AutoMIA: Improved Baselines for Membership Inference Attack via Agentic Self-Exploration
Ruhao Liu , Weiqi Huang , Qi Li , Xinchao Wang
Published on arXiv
2604.01014
Membership Inference Attack
OWASP ML Top 10 — ML04
Key Finding
Consistently matches or outperforms state-of-the-art MIA baselines across different large models without manual feature engineering
AutoMIA
Novel technique introduced
Membership Inference Attacks (MIAs) serve as a fundamental auditing tool for evaluating training data leakage in machine learning models. However, existing methodologies predominantly rely on static, handcrafted heuristics that lack adaptability, often leading to suboptimal performance when transferred across different large models. In this work, we propose AutoMIA, an agentic framework that reformulates membership inference as an automated process of self-exploration and strategy evolution. Given high-level scenario specifications, AutoMIA self-explores the attack space by generating executable logits-level strategies and progressively refining them through closed-loop evaluation feedback.
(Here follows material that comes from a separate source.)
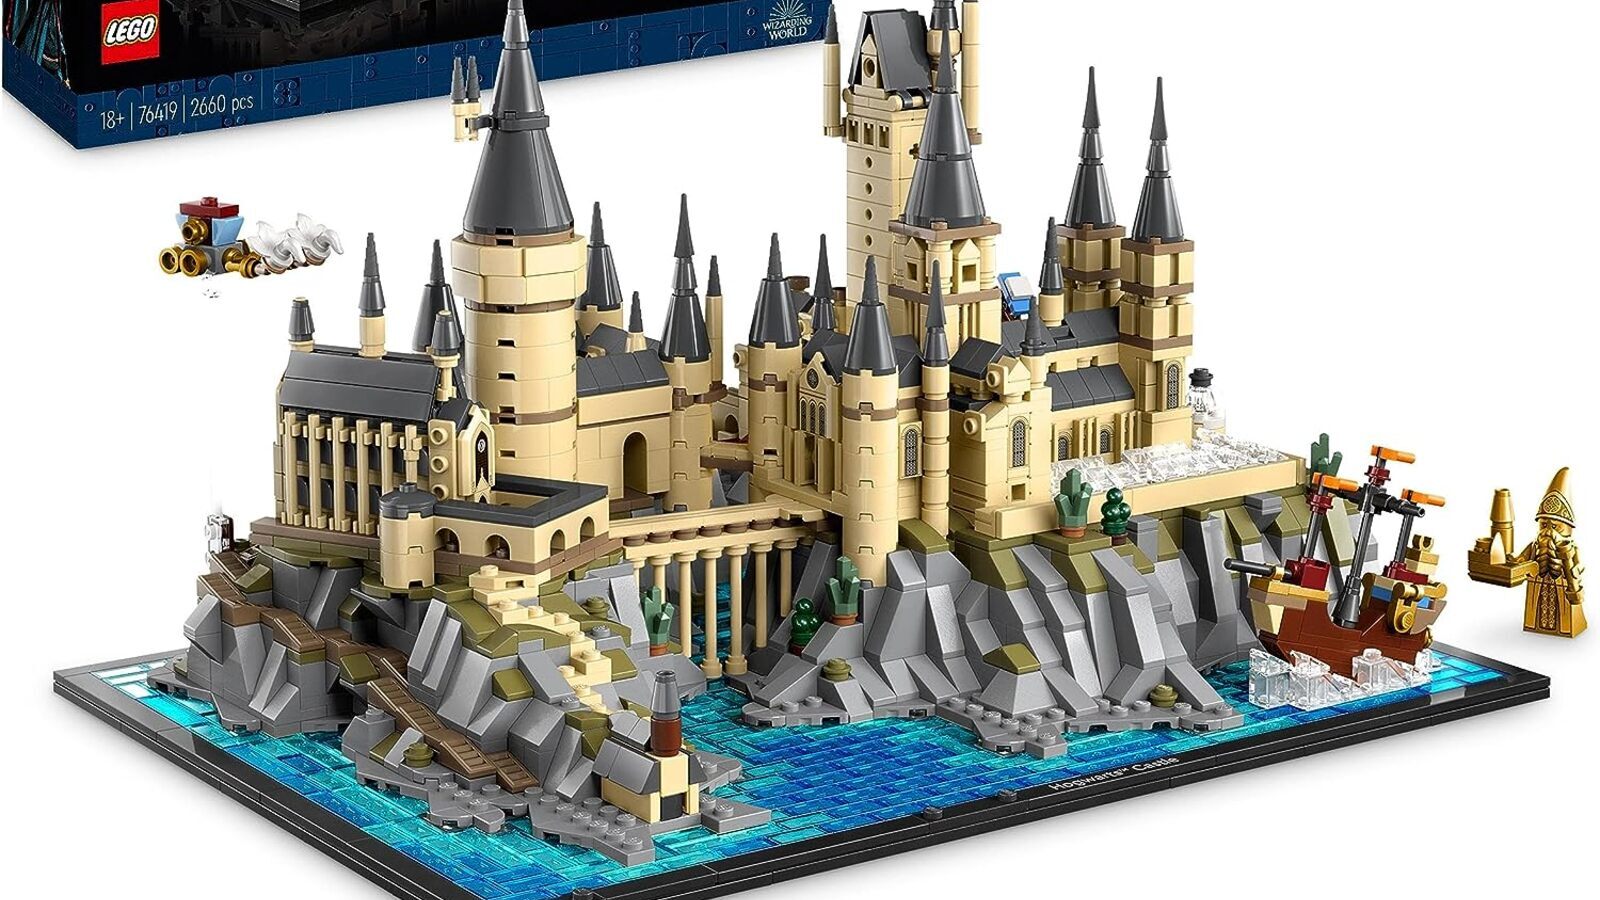 Immagine da Amazon del set LEGO Harry Potter di Hogwarts

By decoupling abstract strategy reasoning from low-level execution, our framework enables a systematic, model-agnostic traversal of the attack search space. Extensive experiments demonstrate that AutoMIA consistently matches or outperforms state-of-the-art baselines while eliminating the need for manual feature engineering.
Key Contributions
- AutoMIA: agentic framework that automates membership inference attack strategy generation and refinement
- Self-exploration mechanism that generates executable logits-level strategies with closed-loop evaluation feedback
- Model-agnostic approach that eliminates manual feature engineering while matching or outperforming SOTA baselines
🛡️ Threat Analysis
Core contribution is an improved methodology for membership inference attacks - determining whether specific data points were in the training set. The paper proposes AutoMIA as an automated framework that generates and refines MIA strategies.